Text des Beitrags | Impfung gegen Gebärmutterhalskrebs Werden Risiken systematisch verschwiegen?

Es geht um eine Impfung, die vor krebsauslösenden Viren schützt und dabei ohne schwere Nebenwirkungen funktionieren soll.

Zunächst wurde die Impfung gegen Humane Papillomviren, die sogenannte HPV-Impfung vor allem für Mädchen empfohlen, um Gebärmutterhalskrebs zu verhindern.

Seit diesem Jahr gibt es auch für Jungs eine Impfempfehlung, zum Schutz gegen Anal- und Peniskrebs.

Doch ist diese HPV-Impfung wirklich so unbedenklich wie es beispielsweise die Bundeszentrale für gesundheitliche Aufklärung darstellt oder werden Nebenwirkungen sozusagen unter den Teppich gekehrt?

Monika Anthes und Manuela Dursun sind der Frage nachgegangen.

Bericht

Ein kleiner Pieks - mit großer Wirkung. Die HPV-Impfung soll vor Krebs schützen und das ganz ohne schlimme Nebenwirkungen.

Das jedenfalls verspricht die Bundeszentrale für gesundheitliche Aufklärung - auch in ihrer Elternbroschüre: "Die HPV-Impfung sei sicher. Schwere Nebenwirkungen wurden (…) weltweit nicht beobachtet."

Darauf haben sich auch diese Mutter und ihre Tochter verlassen. Das Mädchen möchte lieber nicht erkannt werden, deshalb nennen wir sie Anna. Schon kurz nach der Spritze ging es Anna sehr schlecht, erzählen sie uns:

Annas Mutter

Annas Mutter

O-Ton, Annas Mutter:

"Sie konnte einfach auch gar nicht mehr richtig aufstehen, ihr war es ganz schwindlig, hatte ganz starkes Herzrasen. Also ich habe sie eigentlich gar nicht mehr wiedererkannt."

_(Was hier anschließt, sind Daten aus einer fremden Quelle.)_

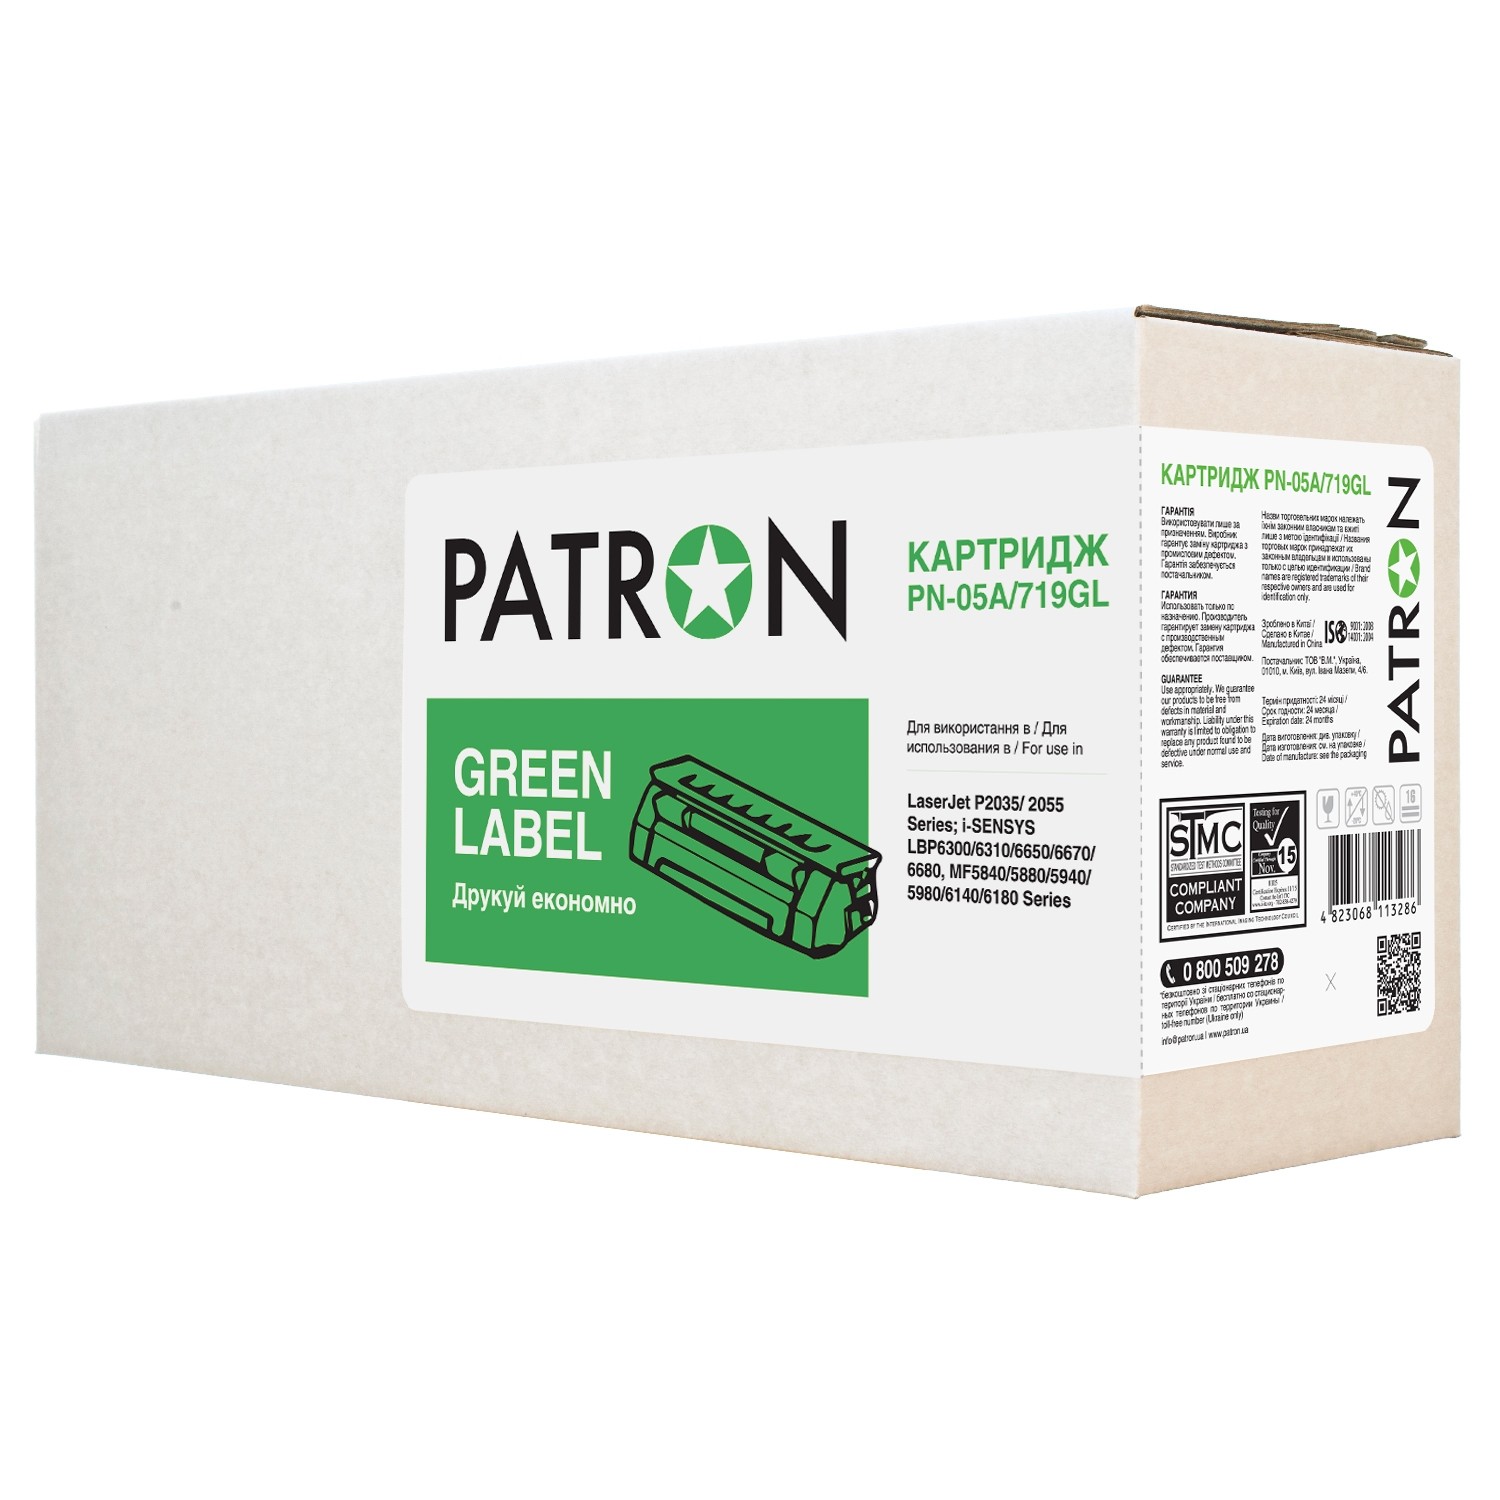 КАРТРИДЖ HP LJ CE505A/CANON 719 (PN-05A/719GL) PATRON GREEN Label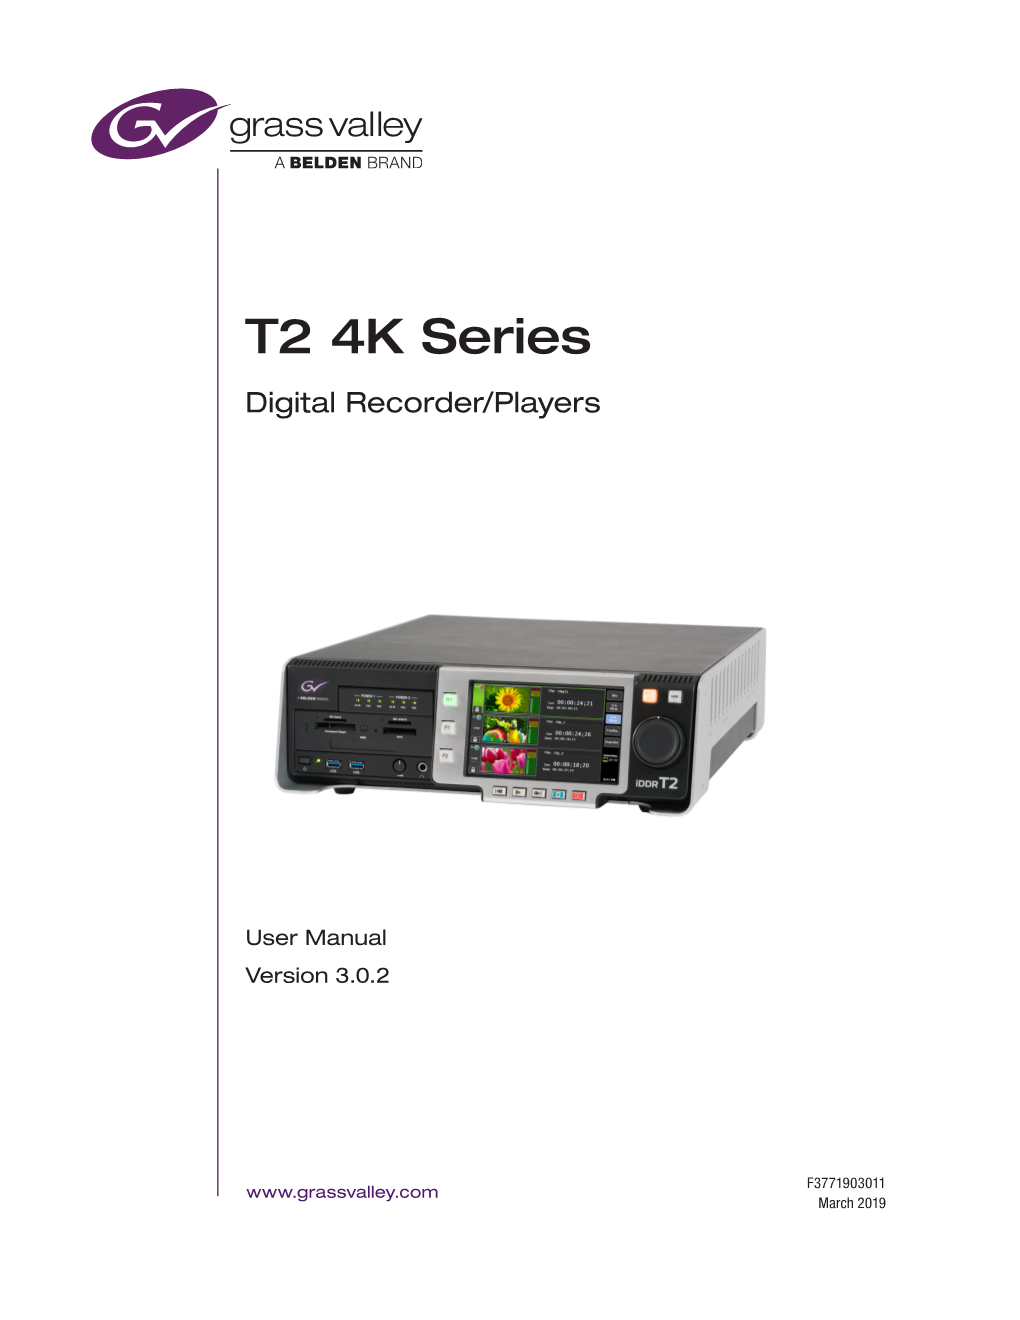 T2 4K Series Digital Recorder/Players

Wochenlang liegt sie im Bett. Inzwischen sind drei Monate vergangen. Anna geht wieder in die Schule. Doch noch immer fühlt sie sich schlecht.

O-Ton, Anna:

"Ich habe immer noch Rückenschmerzen und auch zwischendrin noch Kopfschmerzen. Dadurch nehme ich halt Schmerztabletten. Und oft ist es so, dass ich in der Schule mich dann auch nicht richtig konzentrieren kann."

Vor der Impfung war sie kerngesund und sportlich. Ihr Lieblingshobby Hockey kann sie inzwischen nicht mehr ausüben. Eine Folge der HPV-Impfung? Die Mutter ist davon überzeugt.

Und was sagt Annas Kinderarzt dazu?

Annas Kinderarzt

Annas Kinderarzt

O-Ton Annas Kinderarzt:

"In der Tat besteht ein zeitlicher Zusammenhang zwischen dem Auftreten der Symptome, dem erstmaligen Auftreten der Symptome und der unmittelbar vorher erfolgten Impfung."

Deshalb hat er die Impf-Nebenwirkungen auch den Behörden gemeldet.

Wie aber passen Annas Symptome zu der Aussage der Bundeszentrale für gesundheitliche Aufklärung, dass angeblich weltweit keine schweren Nebenwirkungen beobachtet wurden?

Die Gesundheitswissenschaftlerin Prof. Ingrid Mühlhauser beschäftigt sich seit zehn Jahren mit der HPV-Impfung und hat sich für uns die Broschüre der Bundesbehörde angesehen.

Prof. Ingrid Mühlhauser

Prof. Ingrid Mühlhauser

O-Ton, Prof. Ingrid Mühlhauser, Gesundheitswissenschaftlerin:

"Die möglichen Risiken oder Nebenwirkungen werden heruntergespielt. So wie es jetzt dargestellt ist, ist es einfach falsch. Das ist irreführend, einseitig werbemäßig, kampagnenmäßig."

Wir recherchieren: Was kann diese Impfung also wirklich und welche möglichen Risiken gibt es?

Die HPV-Impfung ist keine Impfung gegen Krebs. HPV steht für Humane Papillomviren. Diese Viren führen zu Entzündungen und diese Entzündungen können dann Krebs auslösen. Vor allem am Gebärmutterhals. Die Impfung wirkt gegen einige dieser HPV-Viren.

Wir finden viele wissenschaftliche Studien. Sie kommen zu dem Ergebnis: HPV-Entzündungen werden tatsächlich reduziert und die allermeisten Menschen vertragen die Impfung gut.

Wir stoßen aber auch auf Berichte über schwere Nebenwirkungen, die den Beschwerden von Anna ähneln. Zum Beispiel von einer Forschergruppe aus Dänemark.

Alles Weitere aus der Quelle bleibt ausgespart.